These can all be fixed by judicious use of the forget word; after reloading a file, any definitions which were removed and should no longer be part of the image can be forgotten manually. This was tedious and error-prone, but at least it was possible. However there were two other potential problems which did not have a good workaround:
  • If you load a source file which looks like this:
    : A ... ;
    : B ... A ... ;
    : C ... B ... ;

    then in the process of refactoring, accidentally move C before B:
    : A ... ;
    : C ... B ... ;
    : B ... A ... ;

    the source file will still load into the image just fine. However, when you test this file in a fresh image, you will get a parse error, because B is been defined when the definition of C is being parsed.

  • If you load a source file into the image, then remove a word definition which other words depend on, then reload the source file, there is no error. While usually I check usages before renaming or removing stuff, sometimes I'd forget; then some time later, I'd load the code into a fresh image, only to be greeted with a "word not found" error.

  • The final issue is perhaps the most subtle. If you accidentally define two words with the same name in one source file, Factor would not complain; after all, it could not distinguish between an erroneous duplicate definition and a legitimate redefinition filed in by the developer in order to fix a bug in running code.
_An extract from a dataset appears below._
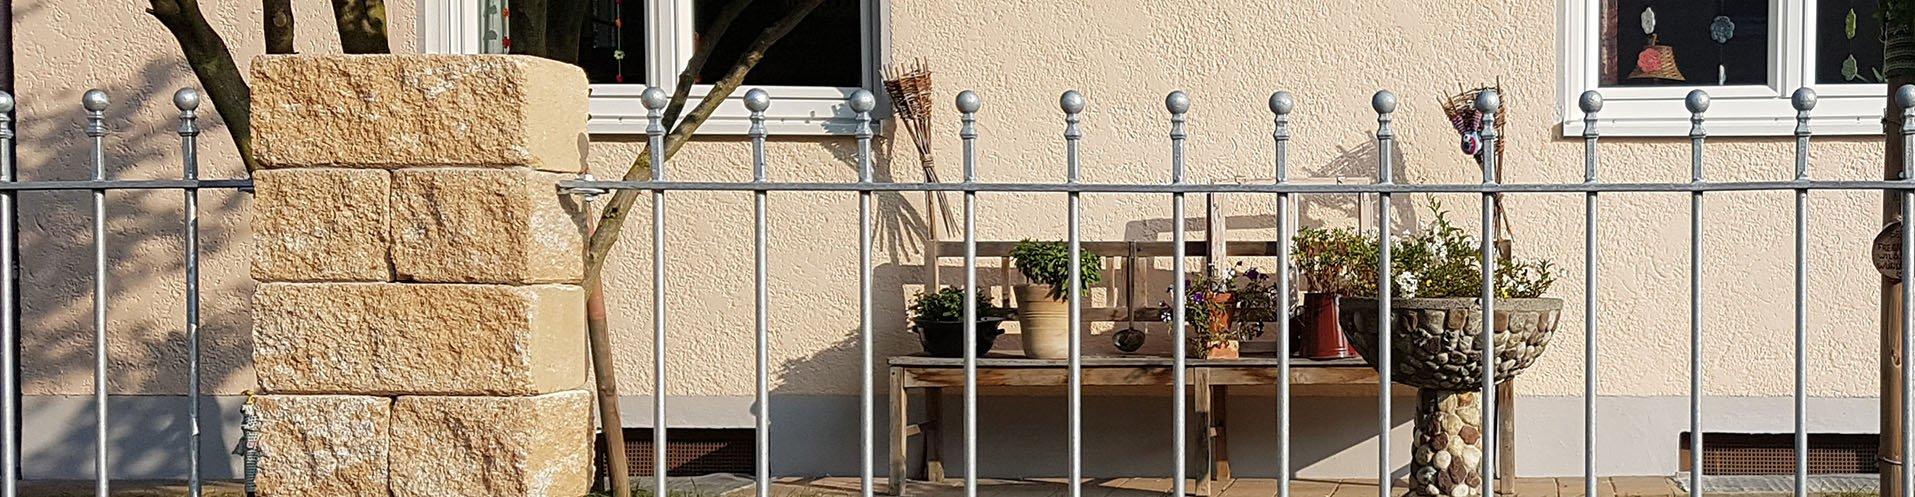 zaunelemente aus metall verzinkt eleo. Black Bedroom Furniture Sets. Home Design Ideas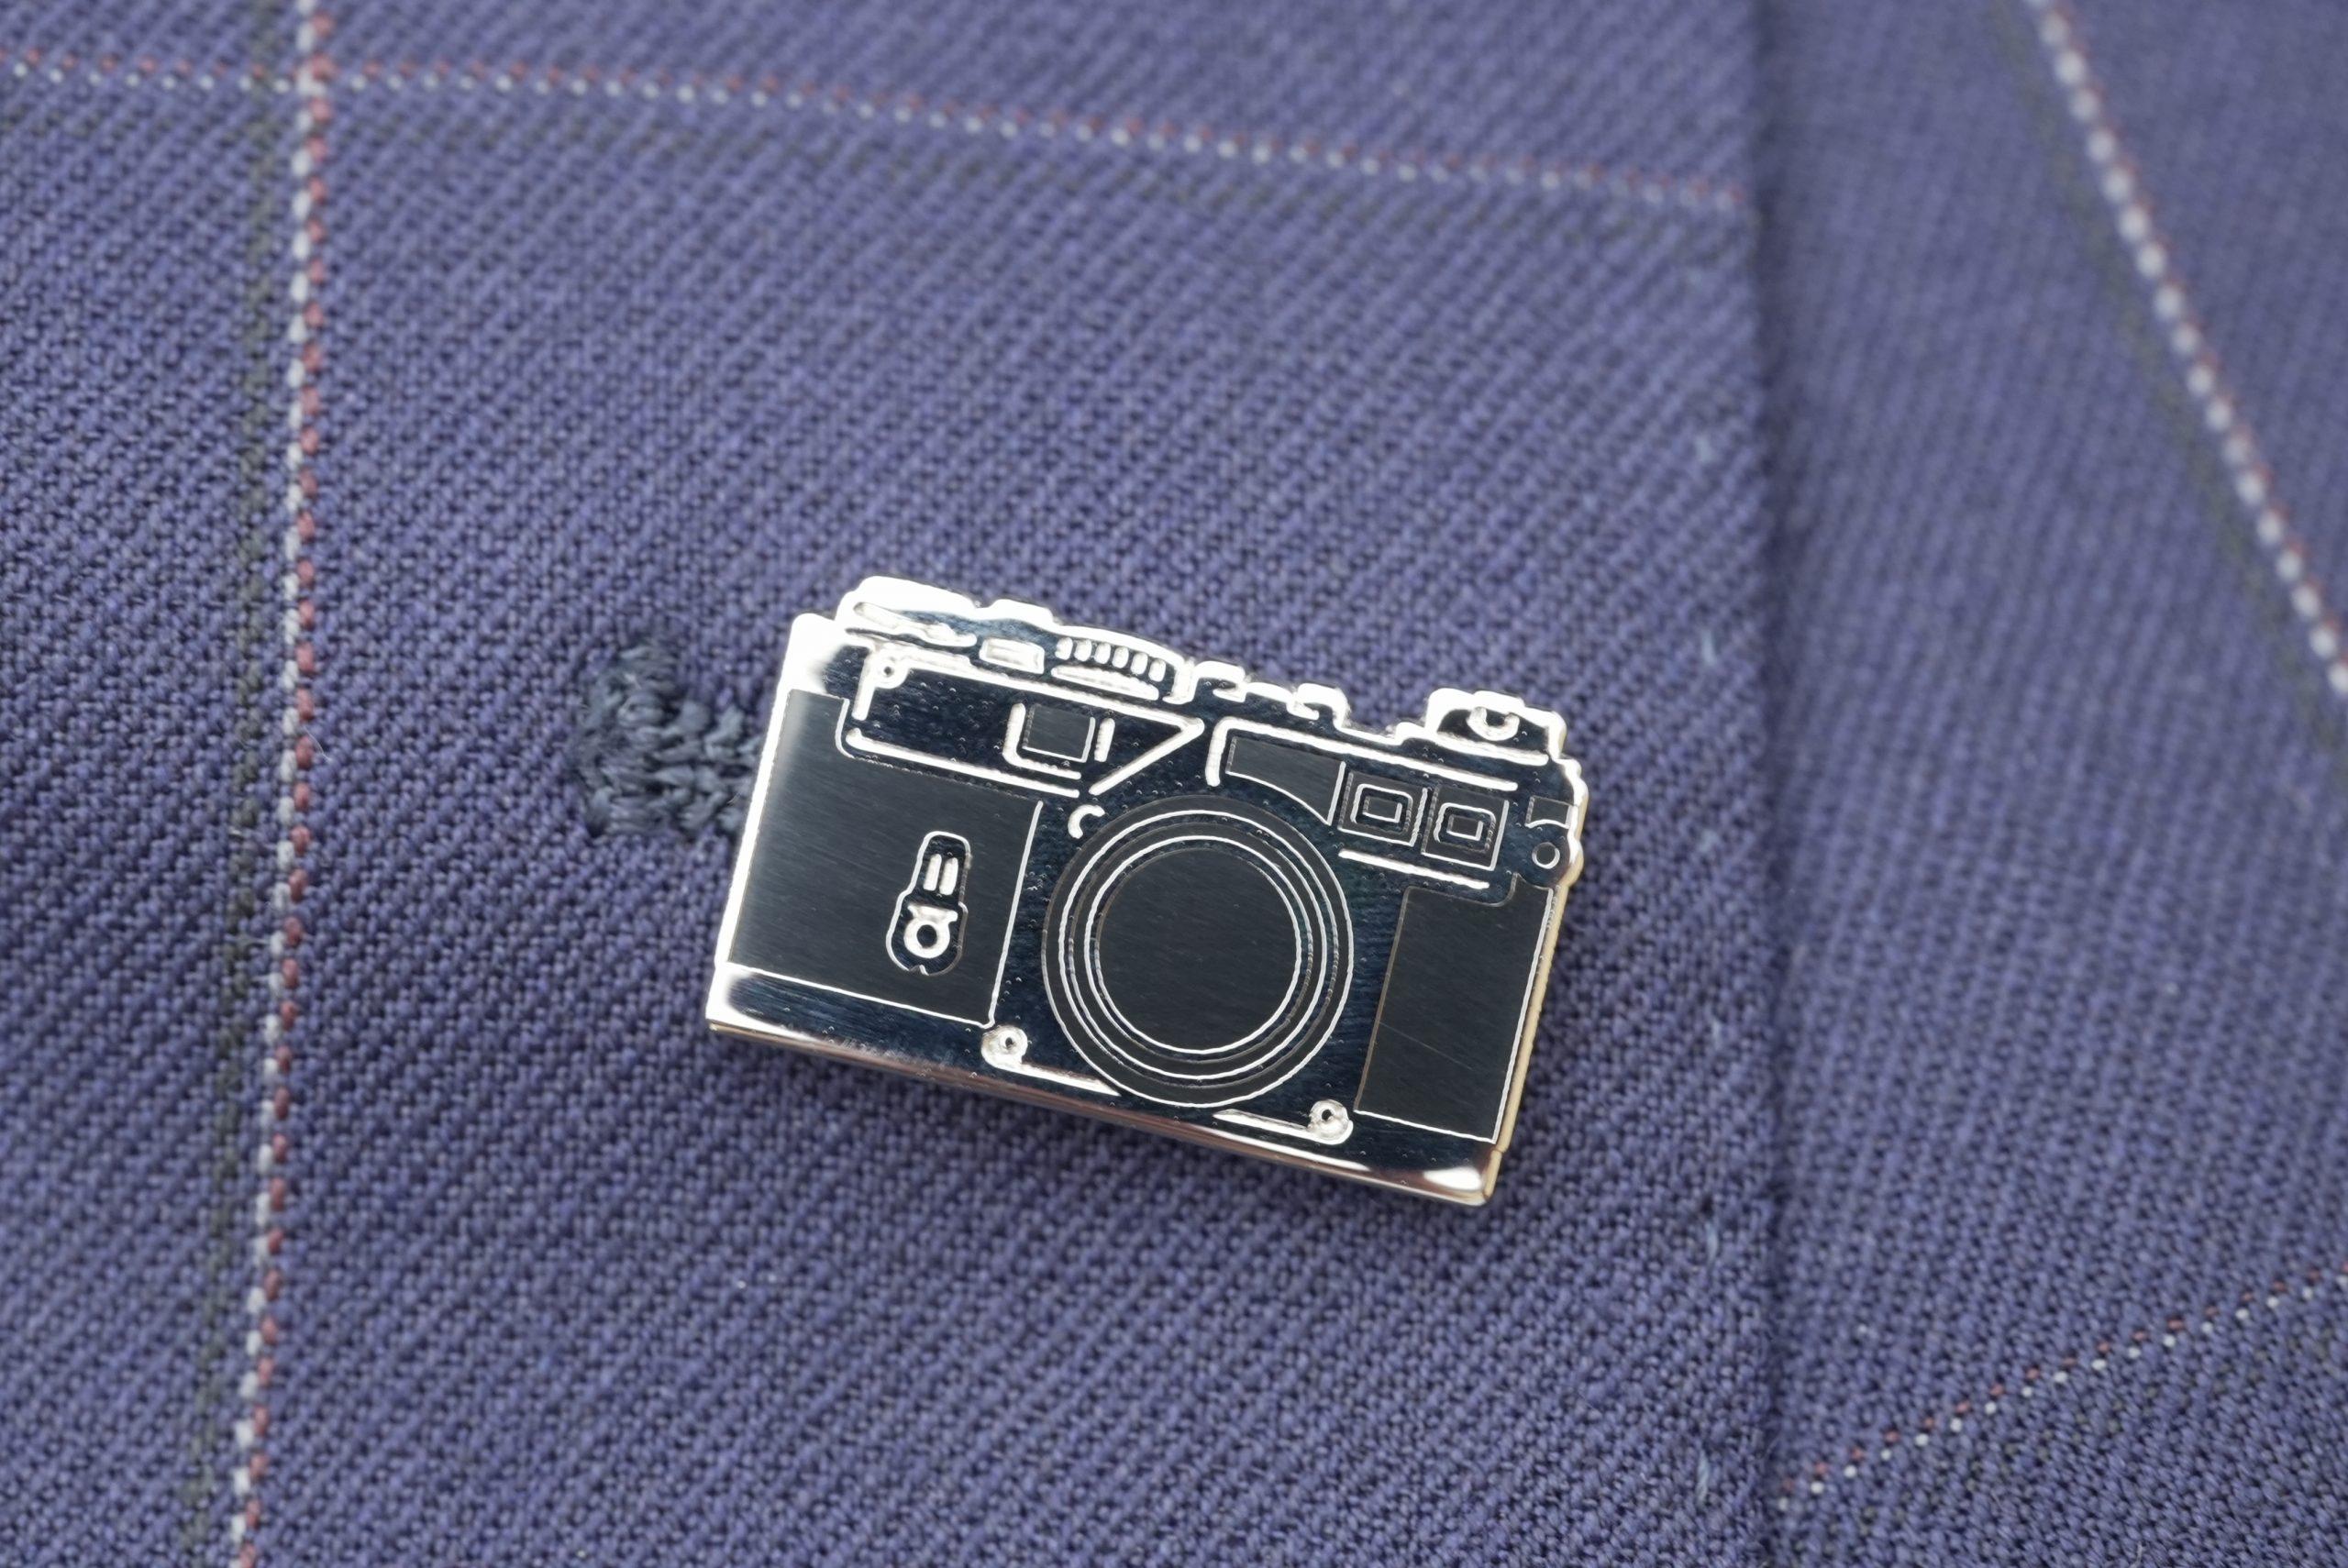 【Nikon】マップカメラ限定 ピンバッジプレゼント

Now, all of these problems have been completely resolved. Here is how it works. To each source file, the parser associates a list of definitions -- this includes words, methods, help articles, and so on. When a source file is being reloaded, the previous list of definitions is saved first. When the parser encounters a word which is in the previous definition list but not yet in the current definition list for the source file being loaded, it throws an error, signaling that you have an erroneous forward reference; the parser can detect when a word refers to another word which is defined later in the file, even if both words are already in the image from a previous load of the file. This error has a single "continue" restart; if you know what you're doing, you can keep loading the file. Dually, if a word is being defined which is already in the current definition list for the source file, you have a duplicate definition and this is definitely an error; there is no legitimate reason you'd define two words with the same name in one vocabulary, because the former word could never be called.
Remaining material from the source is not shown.